Representative primitives:
- `workspace.create`
- `workspace.status`
- `workspace.delete`
- `workspace.sync_push`
- `workspace.export`
- `workspace.diff`
- `workspace.snapshot`
- `workspace.reset`
- `shell.open`
- `shell.read`
- `shell.write`
- `shell.signal`
- `shell.close`
- `workspace.exec`
- `service.start`
- `service.status`
- `service.logs`
- `service.stop`
These names are illustrative, not a committed public API.
The important point is the interaction model:
- a shell session is interactive state inside the sandbox
- a workspace is durable for the life of the task
- services are first-class, not accidental background jobs
- reset is a core workflow primitive
## Interactive Shells And Disk Operations
Interactive shells are aligned with the vision because they make the agent feel
present inside the sandbox rather than reduced to one-shot job submission.
That does not mean `pyro-mcp` should become a raw SSH replacement. The shell
should sit inside a higher-level workspace model with structured file, service,
diff, and reset operations around it.
Disk-level operations are also useful, but they should remain supporting tools.
They are good for:
- fast workspace seeding
- snapshotting
- offline inspection
- diffing
- export/import without a full boot
They should not become the primary product identity. If the center of the
product becomes "operate on VM disks", it will read as image tooling rather
than an agent workspace.
## What To Build Next
Features should be prioritized in this order:
1. Repeated commands in one persistent workspace
2. Interactive shell sessions with PTY semantics
3. Structured workspace sync and export
4. Service lifecycle and readiness checks
5. Snapshot and reset workflows
6. Explicit secrets and network policy
7. Secondary disk-level import/export and inspection tools
The completed workspace GA roadmap lives in
[roadmap/task-workspace-ga.md](roadmap/task-workspace-ga.md).

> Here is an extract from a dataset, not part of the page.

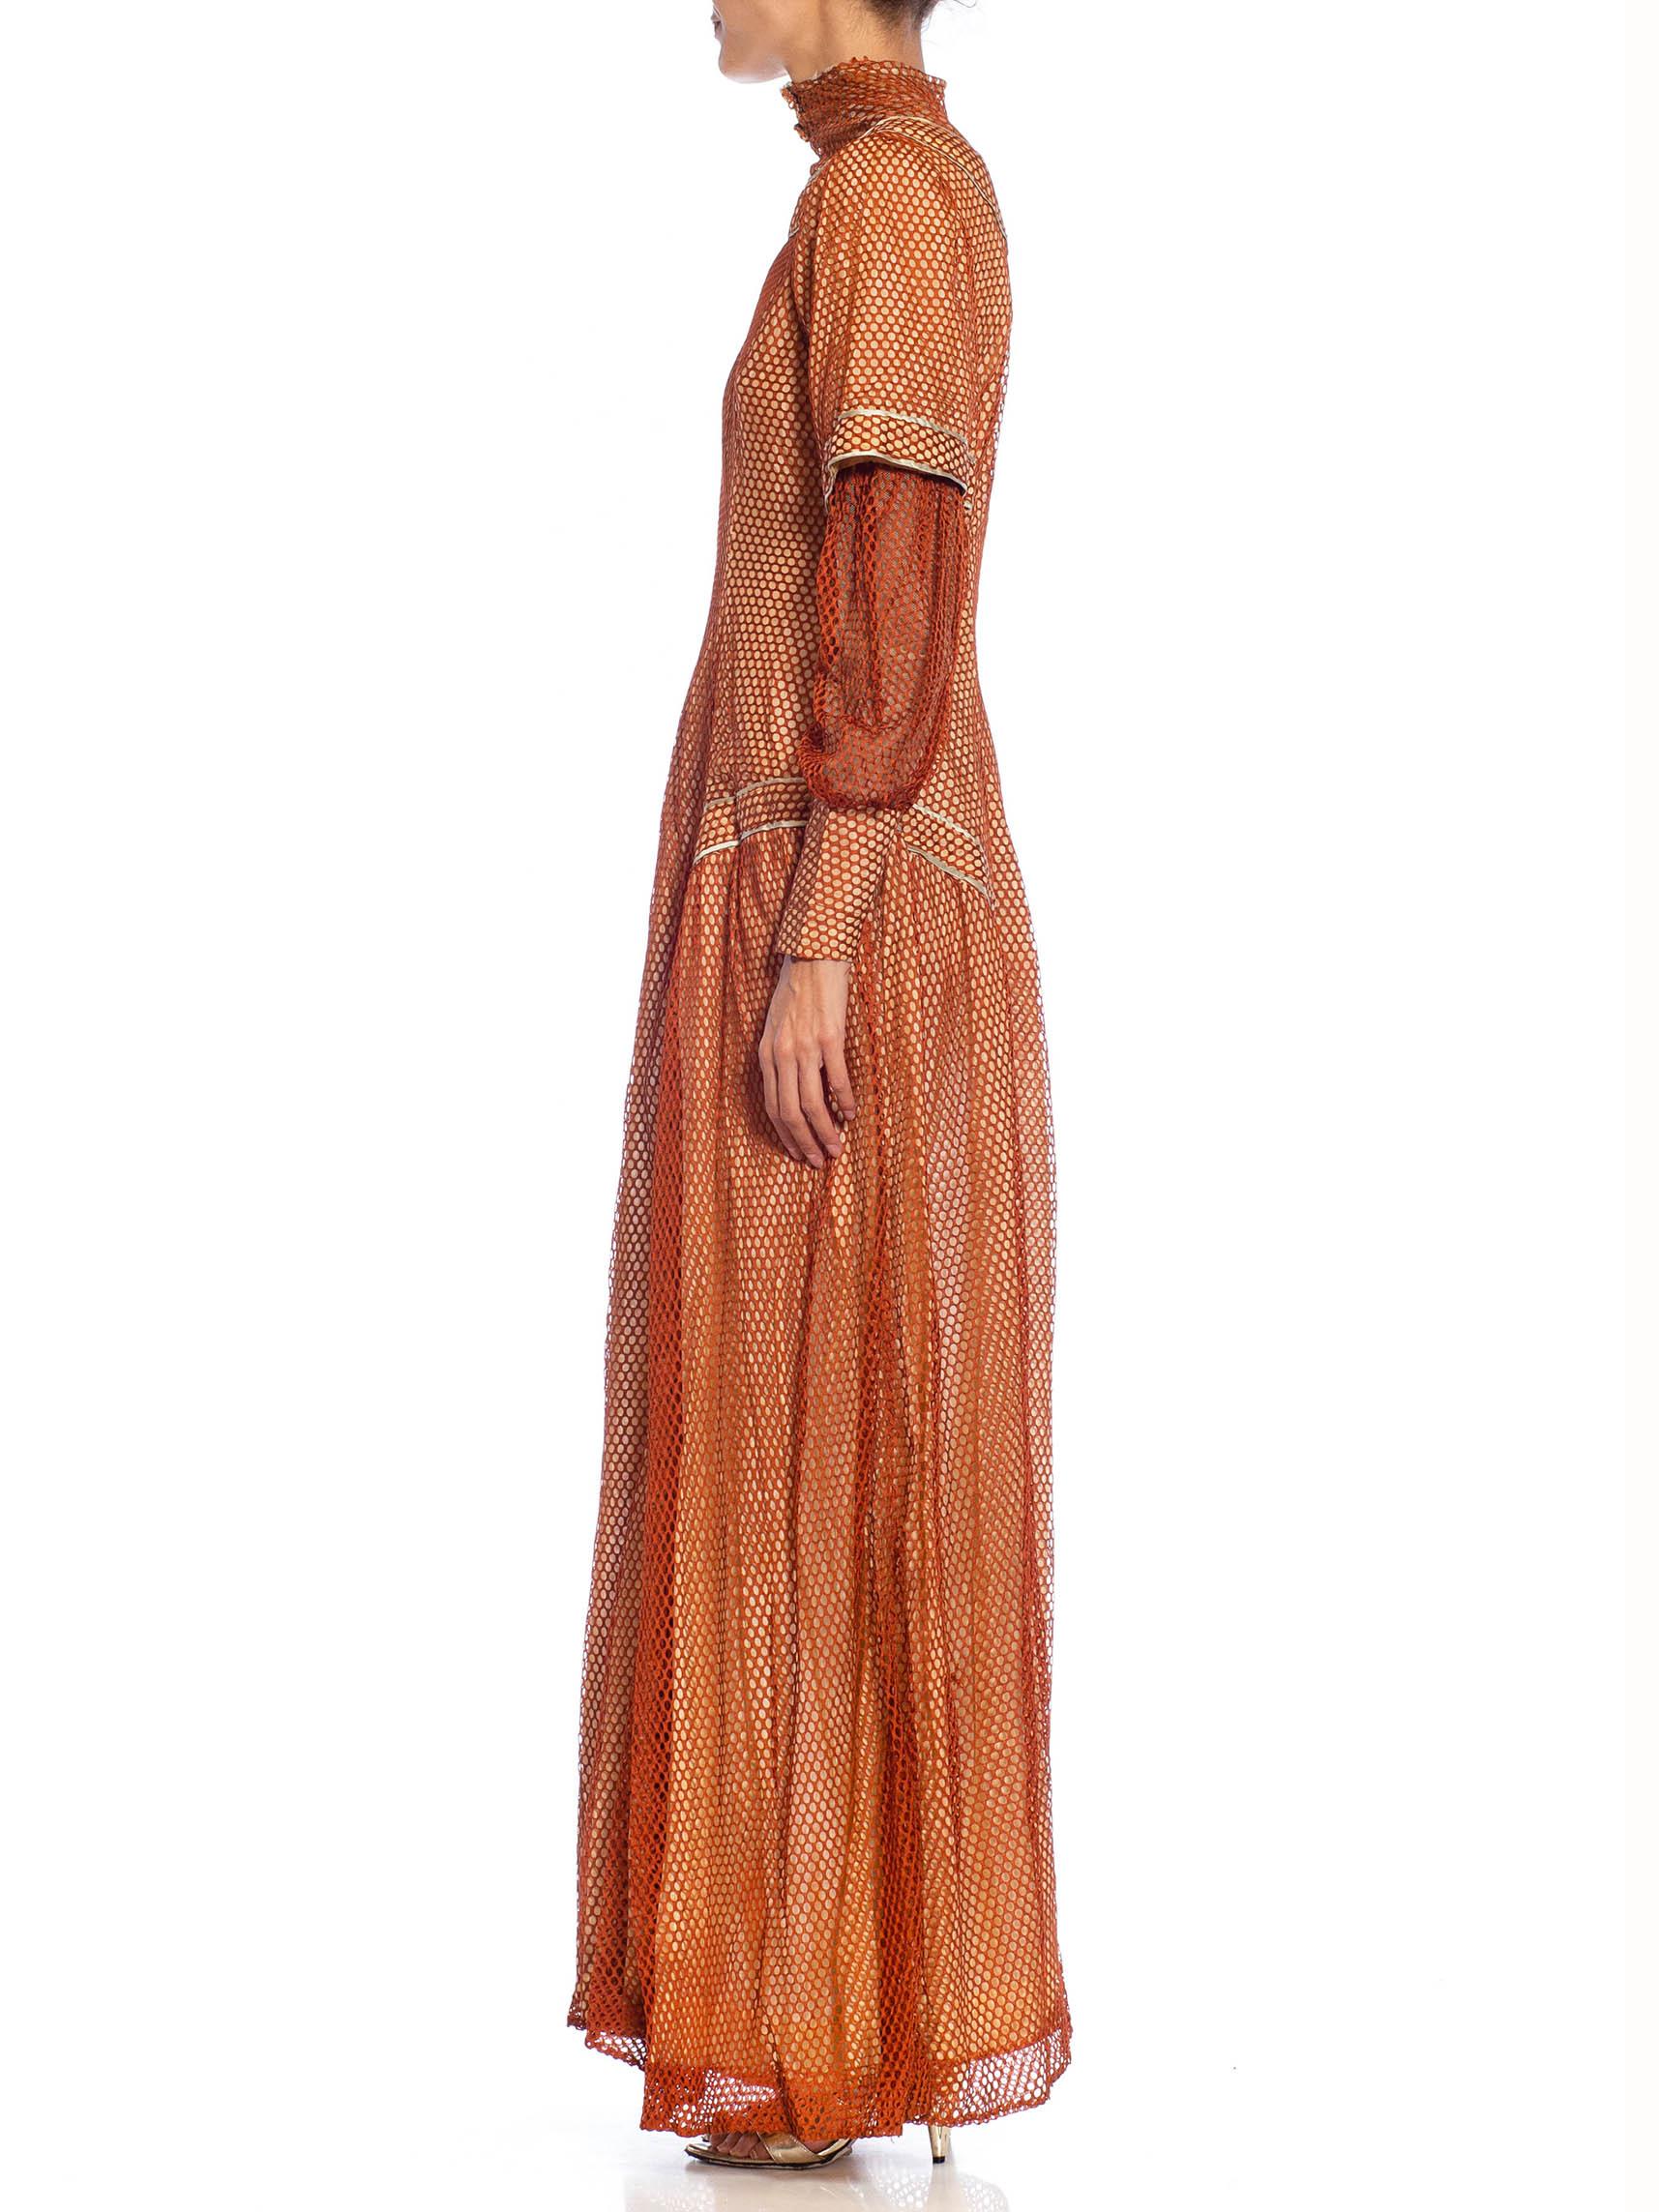 Robe édouardienne en maille de soie bronze sur satin rose pâle à manches longues

The next implementation milestones that make those workflows feel natural from
chat-driven LLM interfaces live in
[roadmap/llm-chat-ergonomics.md](roadmap/llm-chat-ergonomics.md).
## Naming Guidance
Prefer language that reinforces the workspace model:
- `workspace`
- `sandbox`
- `shell`
- `service`
- `snapshot`
- `reset`
Avoid centering language that makes the product feel like CI infrastructure:
- `job`
- `runner`
- `pipeline`
- `worker`
- `queue`
- `build matrix`
## Litmus Test
When evaluating a new feature, ask:
"Does this help an agent inhabit a safe disposable workspace and do real
software work inside it?"
If the better description is "it helps submit, schedule, and report jobs", the
feature is probably pushing the product in the wrong direction.